◆ Data:
====================
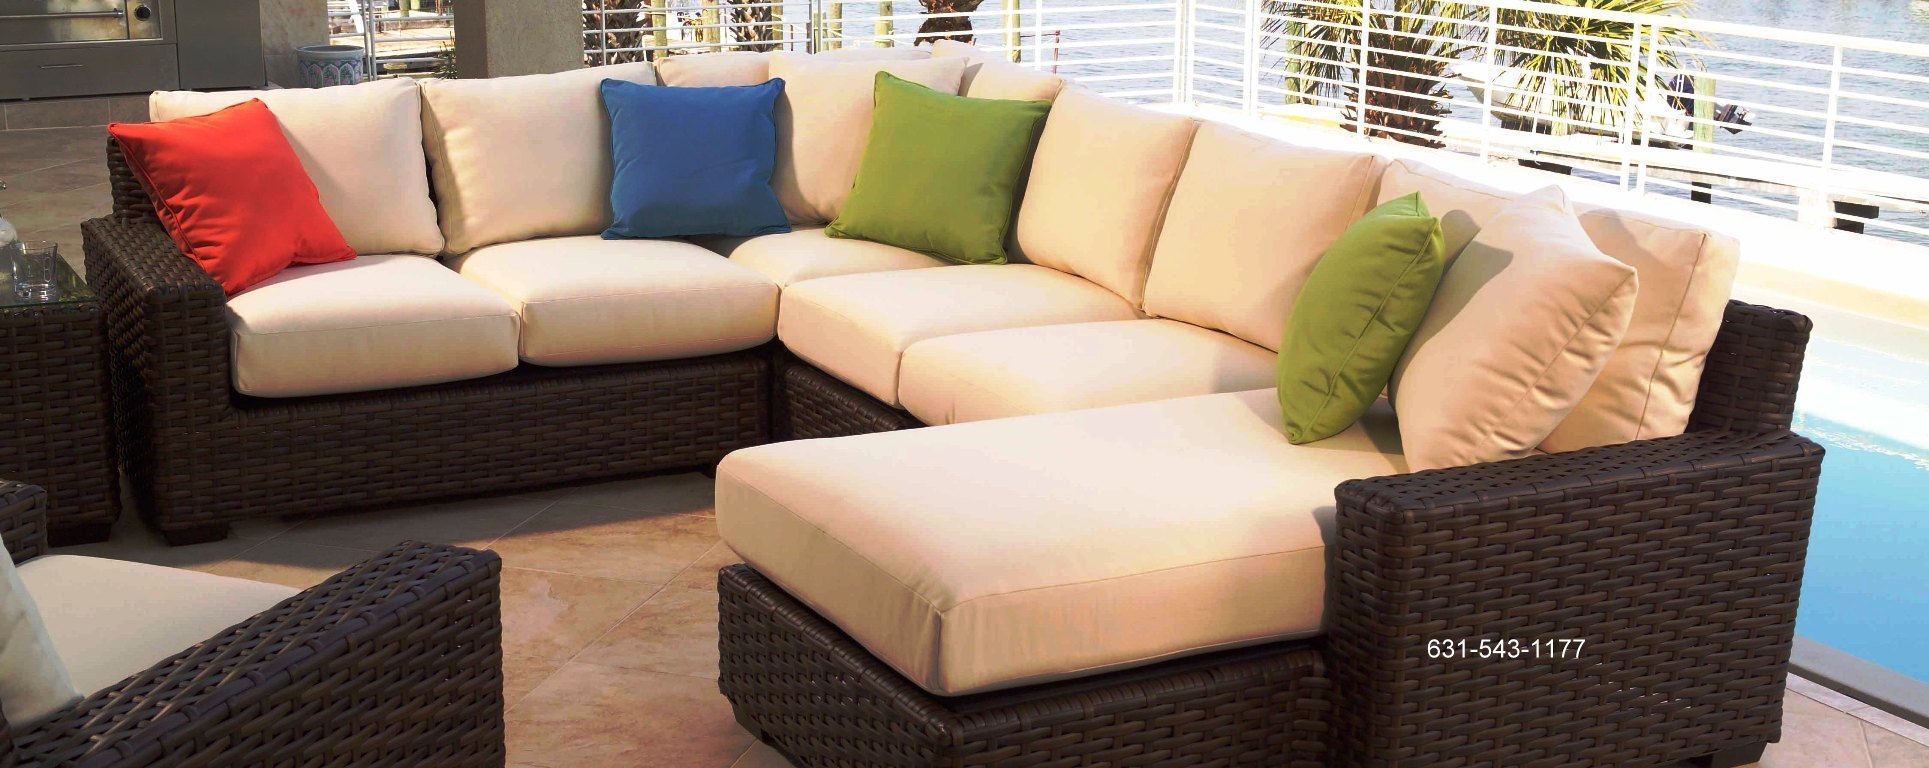 Rattana Outdoor Furniture Nassau County, Suffolk County Long Island NY
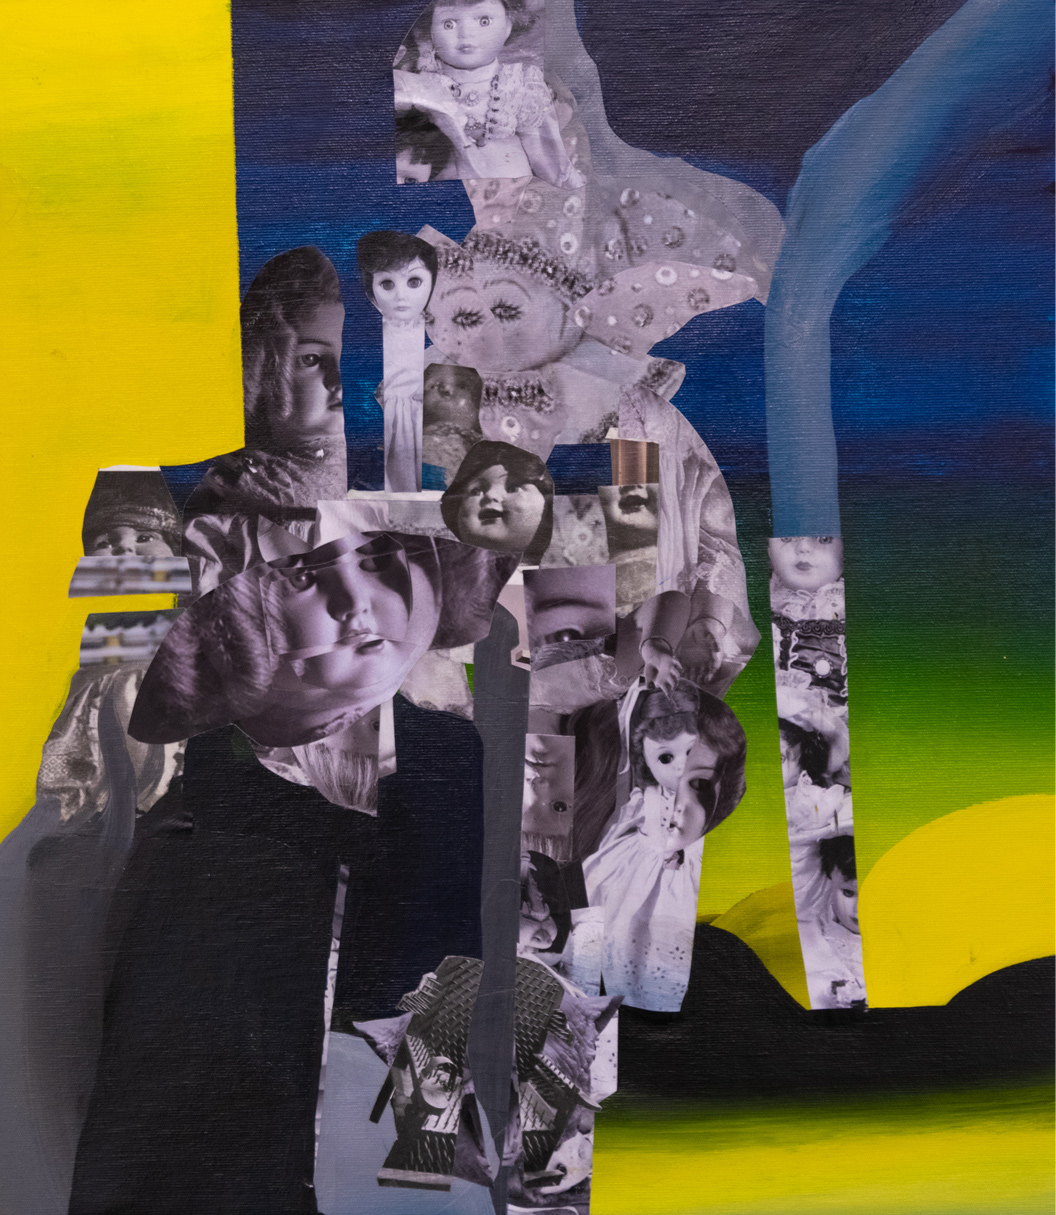 Christos Katsinis, School Primer X, mixed media (collage and acrylics on canvas), 50x43 cm
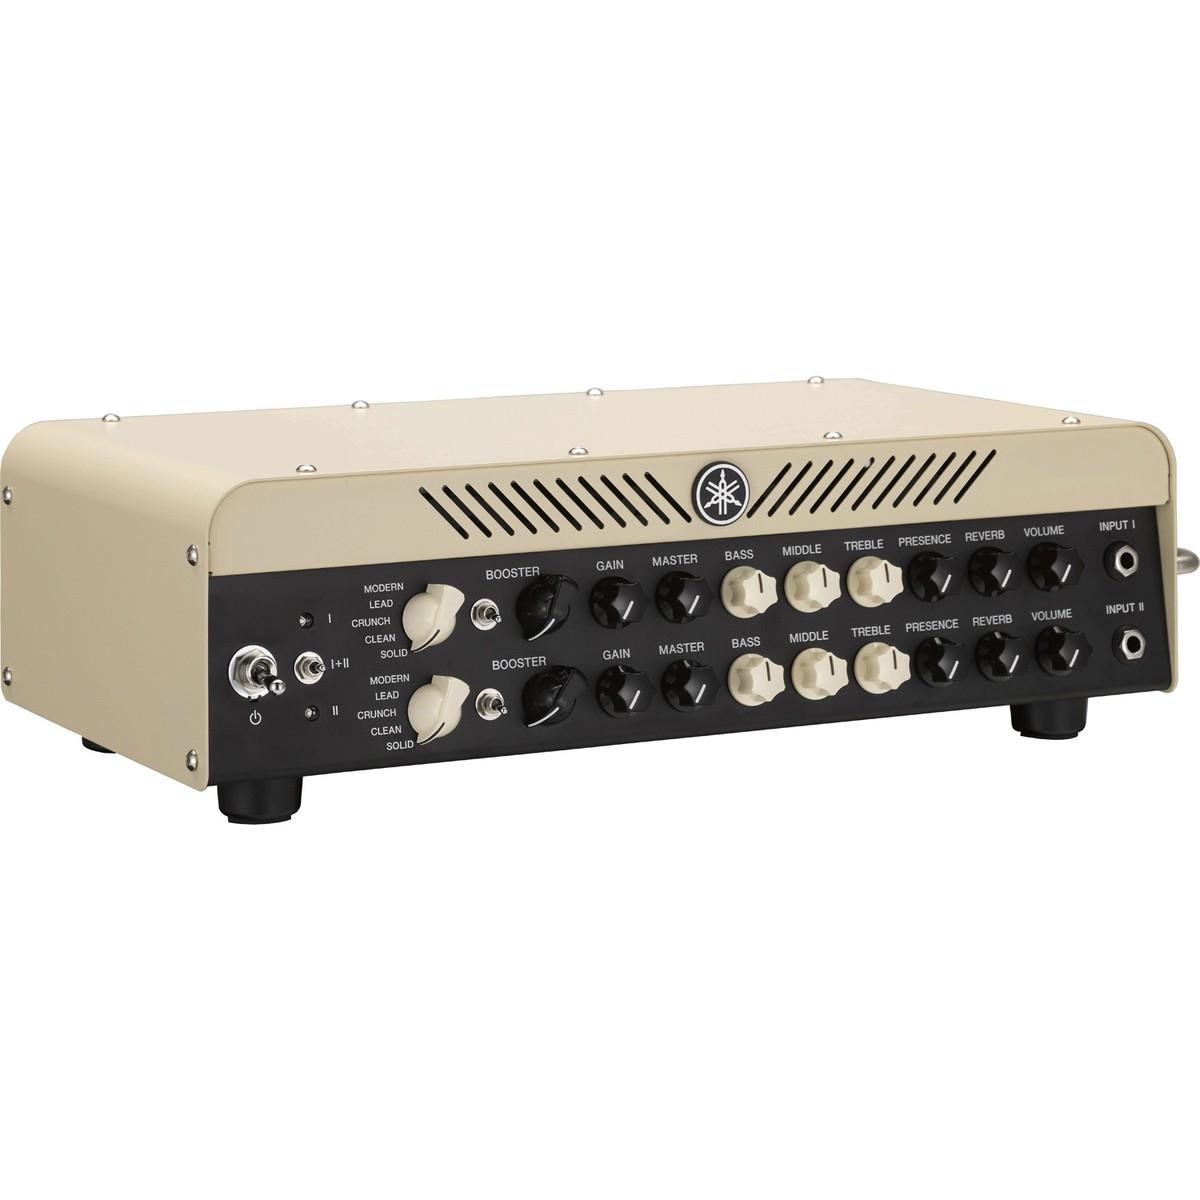 Yamaha thr100hd dual amp head b stock at for Yamaha bass guitar amplifier
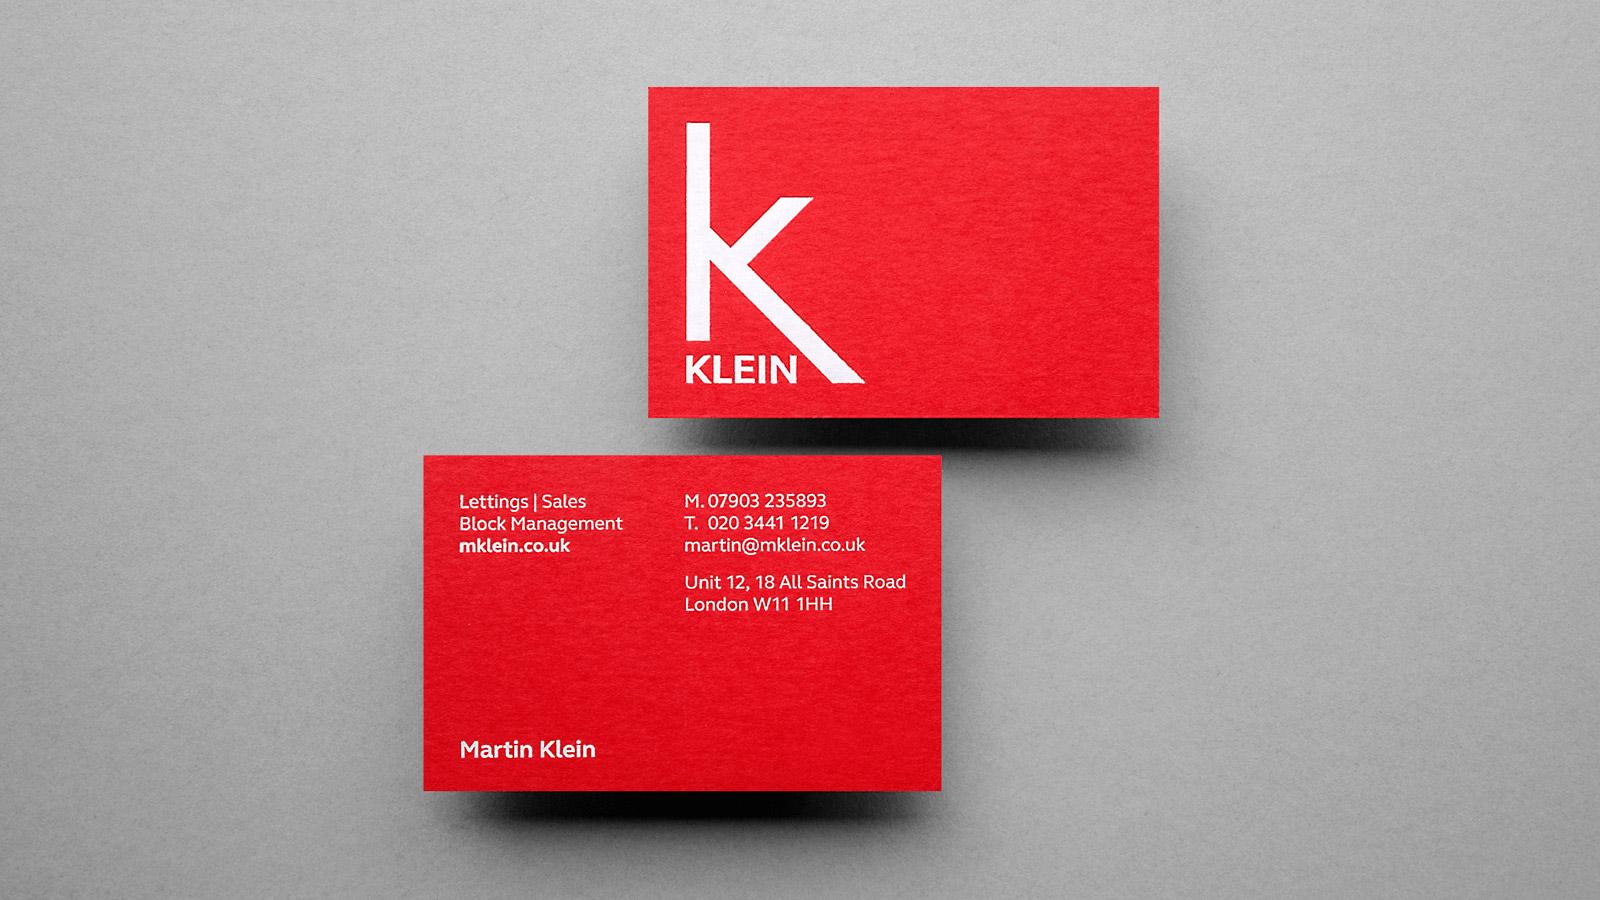 property-agency-visual-branding-identity-design-milton-keynes-london-8
====================
◆ Activity:
An exact copy of the material above is required, free of any pictures.

◆ Solved problem:
 Rattana Outdoor Furniture Nassau County, Suffolk County Long Island NY
 Christos Katsinis, School Primer X, mixed media (collage and acrylics on canvas), 50x43 cm
 Yamaha thr100hd dual amp head b stock at for Yamaha bass guitar amplifier
 property-agency-visual-branding-identity-design-milton-keynes-london-8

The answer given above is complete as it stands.